È la scena lasciata dal rogo che la scorsa notte ha colpito due centraline elettriche lungo la linea ferroviaria Brennero-Verona Porta Nuova, nel tratto compreso tra Peri e Dolcè, al confine tra le province di Verona e Trento. Un incendio che i tecnici hanno subito definito come «di origine dolosa» e che ha paralizzato la circolazione ferroviaria. Per questo motivo il gesto, fino a ieri sera non rivendicato, viene letto dagli investigatori come un possibile tassello di una giornata molto più ampia di mobilitazione sull’asse del Brennero. Le indagini, dopo i rilievi della polizia scientifica, sono state affidate alla Digos della Questura di Verona. La pista privilegiata porta verso gli ambienti dell’ambientalismo radicale o dell’orbita anarco-insurrezionalista (che in passato sulla linea del Brennero ha colpito più volte). L’elemento che orienta gli investigatori è soprattutto la coincidenza temporale. Il sabotaggio è stato infatti compiuto poche ore prima della manifestazione ambientalista organizzata in Austria contro il traffico pesante e il transito dei tir attraverso il corridoio del Brennero (un valico strategico per il commercio). Una protesta annunciata da tempo e culminata con il blocco dell’autostrada del Brennero sul versante tirolese. Secondo la ricostruzione degli investigatori, il rogo avrebbe colpito proprio l’unico sistema di collegamento nei trasporti rimasto operativo mentre l’attenzione era concentrata sulla protesta stradale. Dal punto di vista investigativo, quindi, la tempistica sembra rappresentare al momento uno degli elementi più significativi. Chi ha agito conosceva con precisione il calendario della protesta e ha scelto una finestra temporale in grado di amplificare l’impatto dell’azione.
Un secondo elemento che gli investigatori starebbero valutando riguarda la scelta dell’obiettivo. Le centraline elettriche non sono un bersaglio scelto a caso: colpire strutture essenziali consente di interrompere la circolazione senza intervenire direttamente sui binari.

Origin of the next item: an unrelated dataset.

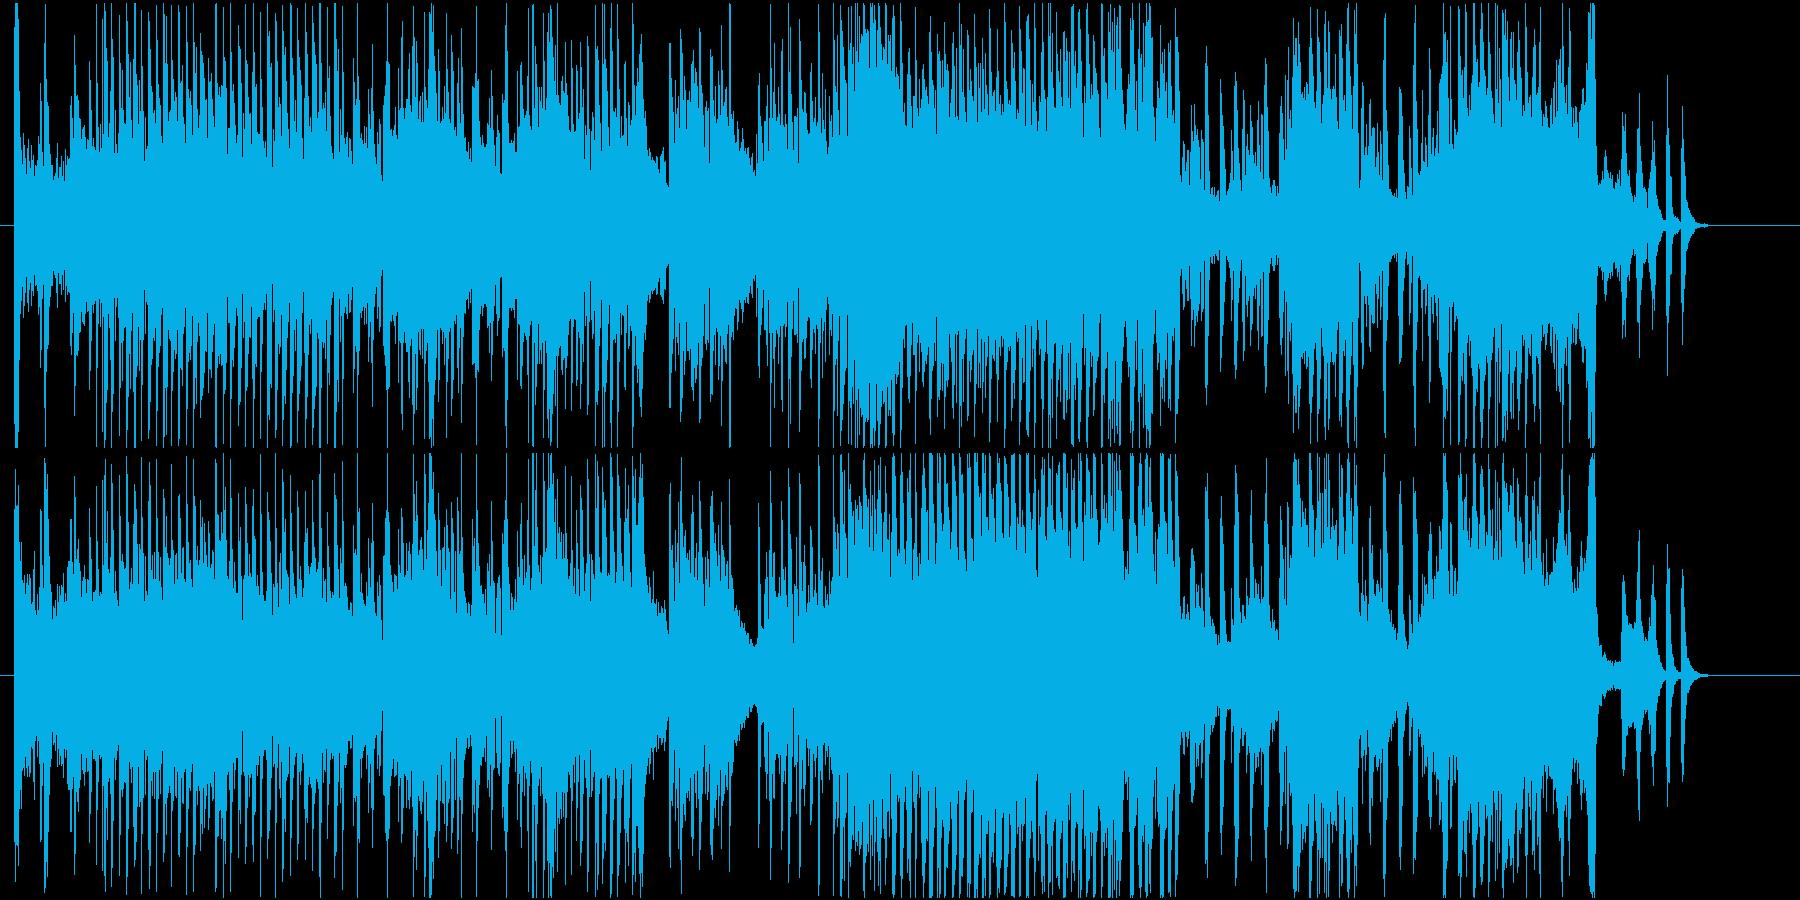 運動会・レースゲーム・競技用のBGMの再生済みの波形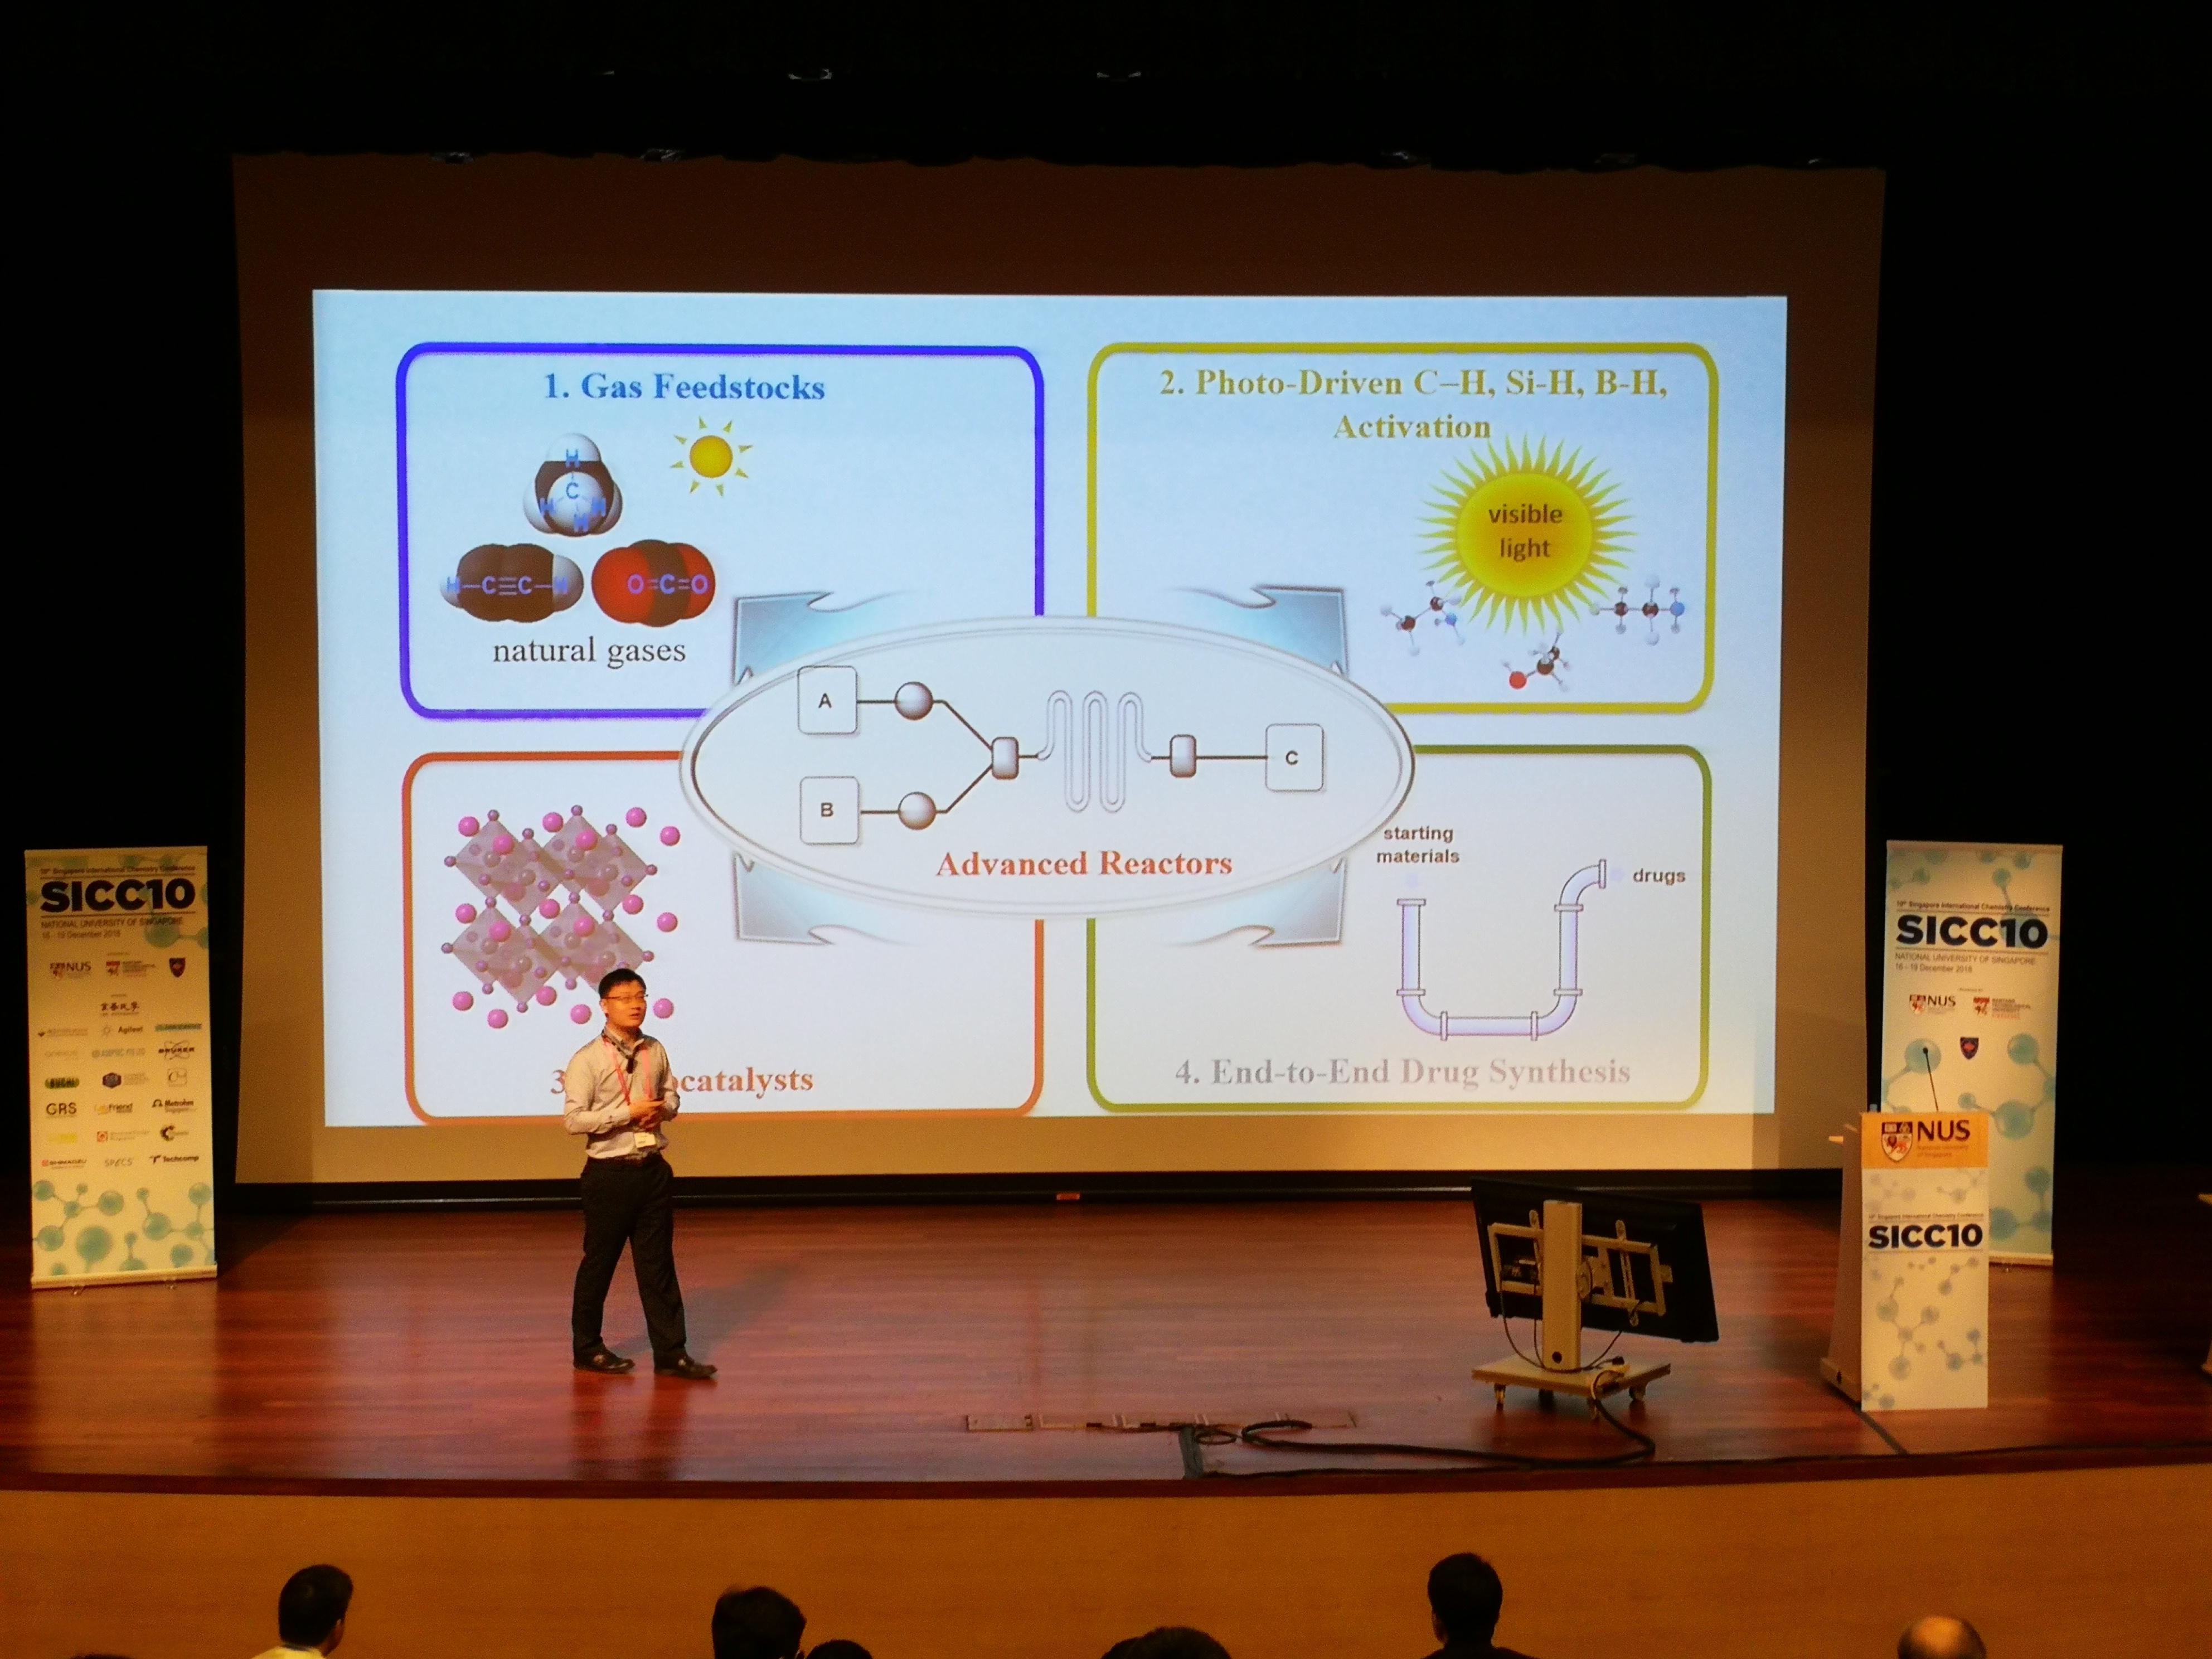 Prof. Wu @ SICC10

Una modalità che presuppone la conoscenza del funzionamento della linea ferroviaria e dei suoi punti più vulnerabili. E infatti il risultato è stato immediato. La circolazione dei treni è stata subito interrotta, con ritardi e cancellazioni che si sono trascinati per ore.
Soltanto dalle 12.30 il traffico ferroviario ha ripreso a muoversi, anche se lentamente. E mentre la ferrovia veniva bloccata, in Austria andava in scena la manifestazione contro il traffico di transito. Alle 13, come previsto dagli organizzatori, centinaia di manifestanti hanno occupato l’autostrada del Brennero, a Matrei. Sugli striscioni comparivano slogan come: «L’Ue, il transito e il profitto distruggono la nostra salute» e «via il traffico pesante dalle nostre strade».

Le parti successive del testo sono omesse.